Fans will recognize a chunk of Ask’s material from special. Part of what made that project extraordinary was the context: Bamford joking about her mental illness and family for her parents, who remained game even if they didn’t always laugh. Removed from that unique circumstance, the repeats still thrive, a testament to Bamford’s ability as a writer. When she talks about how her mother is an expert at “joy whack-a-mole”—a game in which her family takes turns pouring rain on the others’ sunshine—it’s less voyeuristic without seeing her mother’s reaction, but there are laughs of recognition from the audience before Bamford even explains the rules.
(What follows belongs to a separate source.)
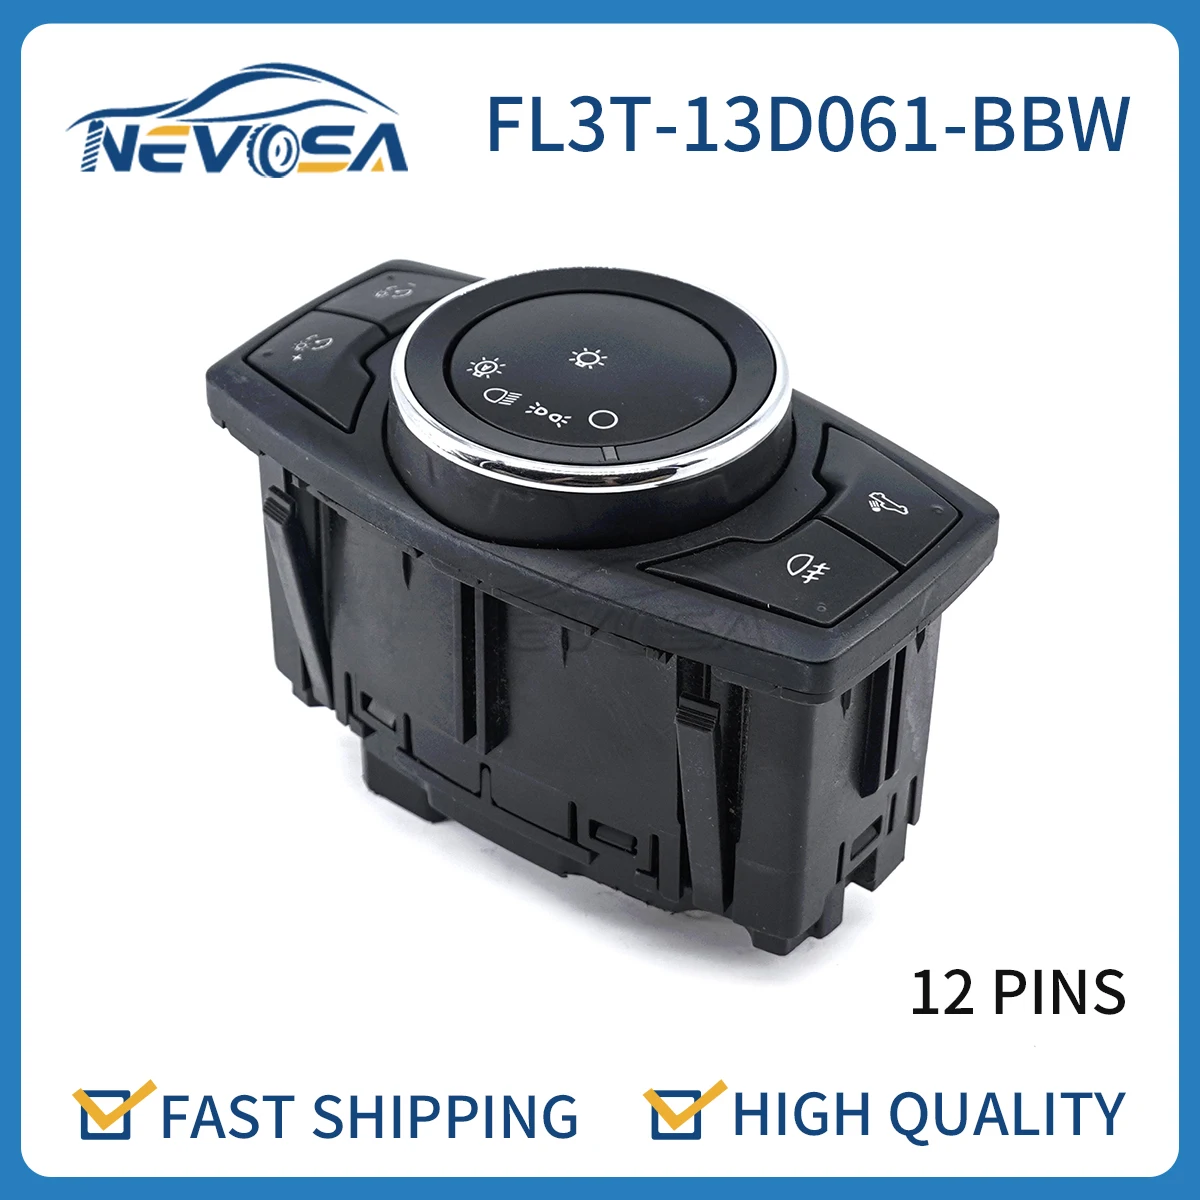 

Nevosa FL3T-13D061-BBW Truck Headlight Hazard Lamp Light Warning Control Switch Knob Panel For 2015-2020 Ford F150 FL3T13D061BBW

Comedians frequently cast themselves as an awkward or incongruent bystander who can’t help but seem out of step with their surroundings. This is especially acute with Bamford. Her material often springs from a place of deep-seated anxiety or obsession, even when it’s outwardly silly. She used to lie on dating profiles to make herself seem more active, asking “Got your helmet? Let’s go parasail-glide-kicking.” In an effort to be more honest, her profile now notes that she can wear the same outfit five days in a row or crouch naked in the shower and get real small.
Coming from any other comedian, Bamford’s chunk about avoiding cooking for herself would still be amusing. But in the context she’s constructed, there is pathos in a woman eating a hot Power Bar straight from the glove compartment or “squeezy cheese on finger” and a “can of wine.” There is even sympathy in her “Paula Deen’s Suicide Note,” which, in light of recent scandals, now seems prescient.
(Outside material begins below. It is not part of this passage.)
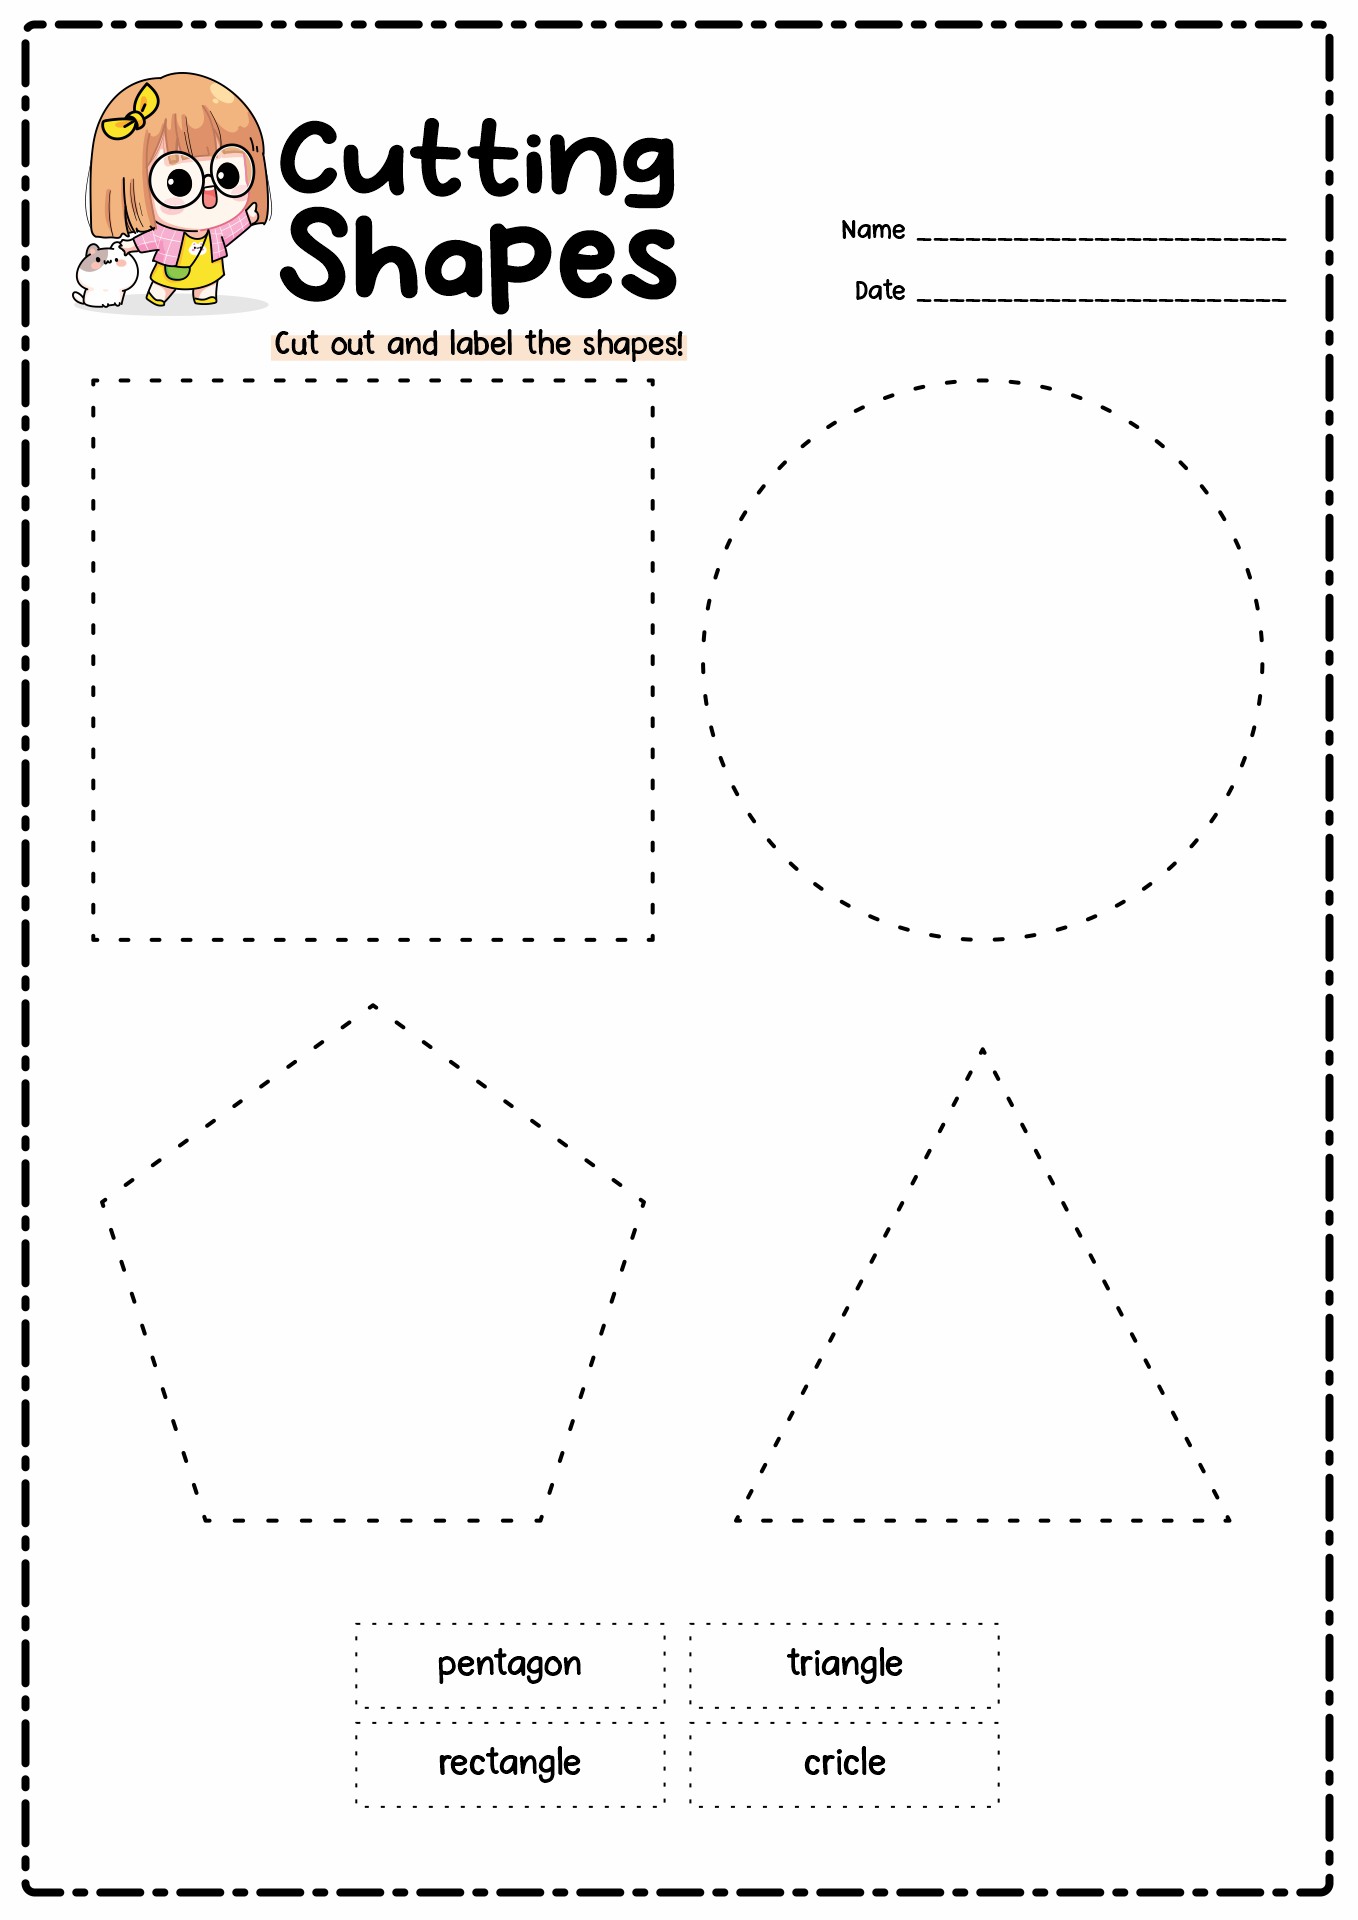 Cut Out Shape Kindergarten Worksheets Image

Bamford resists the labels some of this material may place on her. When a radio DJ dismisses her as schizophrenic, she notes, “Schizophrenia is, of course, hearing voices, not doing voices.” When another comedian jokes about a woman being over 40 and never married, Bamford launches into a hilariously distraught overreaction, repeating “Oh no!” until it turns into a squeal. Somehow she manages to communicate both an acceptance of her abnormalities and a rejection of how others judge them.
There are no weak moments on the album, and Bamford has been equally strong in recent live shows. It doesn’t look like she’s going to stop any time soon.